As reviravoltas do regime de Ex-tarifário

Fernanda Kotzias

O regime de Ex-tarifário é, quiçá, o mais utilizado incentivo de importação. Trata-se de instrumento de redução do imposto de importação para bens de capital (BK) e bens de informática (BIT) em que haja comprovadamente a ausência de produção nacional de similar.

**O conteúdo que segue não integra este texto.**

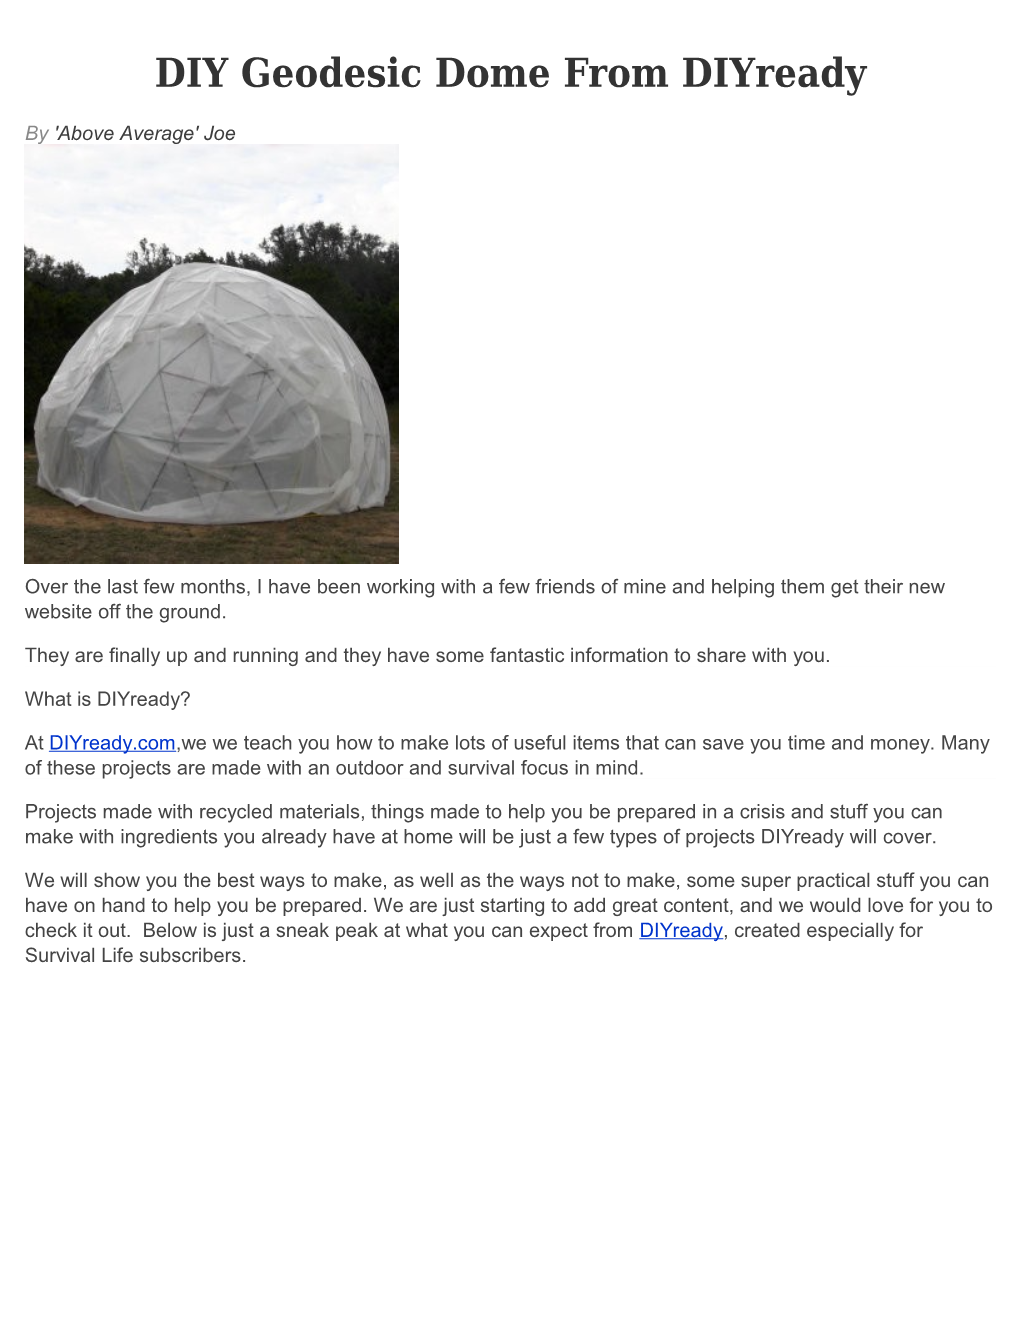 DIY Geodesic Dome Fromdiyready

De acordo com informações do próprio governo federal, a importância do regime de Ex-tarifário para a economia nacional – que não à toa é tema alocado sob a agenda de competitividade industrial – se concentra em três pontos fundamentais: (1) viabiliza aumento de investimentos em BK e BIT que não possuam produção equivalente no Brasil; (2) possibilita aumento da inovação por parte de empresas de diferentes segmentos, com a incorporação de novas tecnologias inexistentes no Brasil, e com reflexos na produtividade e competitividade do setor produtivo; e (3) produz um efeito multiplicador de emprego e renda sobre segmentos diferenciados da economia nacional [1].

Origem e aspectos normativos
A base legal para essas reduções advém, inicialmente, da Lei nº 3.244/57, que traz em seu artigo 4º dispositivo autorização para isenção ou redução do imposto de importação quando constatado que “não houver produção nacional de matéria-prima e de qualquer produto de base, ou a produção nacional desses bens for insuficiente para atender ao consumo interno”.

Posteriormente, com o advento do Mercosul e da concentração das competências para tratar desses temas em nível intergovernamental, coube ao Conselho do Mercado Comum (CMC) tratar da matéria. Inicialmente, convencionou-se que esse tipo de incentivo seria aplicado unilateralmente por cada um dos membros do bloco, mas por tempo limitado. Todavia, o que se verifica é uma contínua renovação das autorizações, que, para o Brasil, são atualmente válidas até 31 de dezembro de 2028, conforme consta da Decisão CMC nº 08/2021.

Com base nesta premissa, os membros do Mercosul estabelecem, por meio de normas internas, seus próprios requisitos e processos de concessão do regime de Ex-tarifário.

No caso do Brasil, verifica-se que a última década foi marcada por mudanças bruscas no direcionamento do instrumento, em que o tema foi regulamentado, sucessivamente, pelas seguintes normas: Resolução Camex nº 66/2014, Portaria ME nº 309/2019 e Portaria ME nº 324/2019 e Resolução Gecex nº 515/2023.

Antes de adentrar nos critérios e processos de concessão designados pelas normas supracitadas e de tecer considerações sobre estes, cabe ressaltar que o Ex-tarifário, na condição de benefício ou incentivo fiscal [2] – não nos importa diferenciar ou discutir qual das expressões seria mais acertada – é uma liberalidade governamental. Portanto, natural que a cada mudança de gestão haja ajustes e modificações que reflitam as políticas e premissas que se pretende ver aplicadas.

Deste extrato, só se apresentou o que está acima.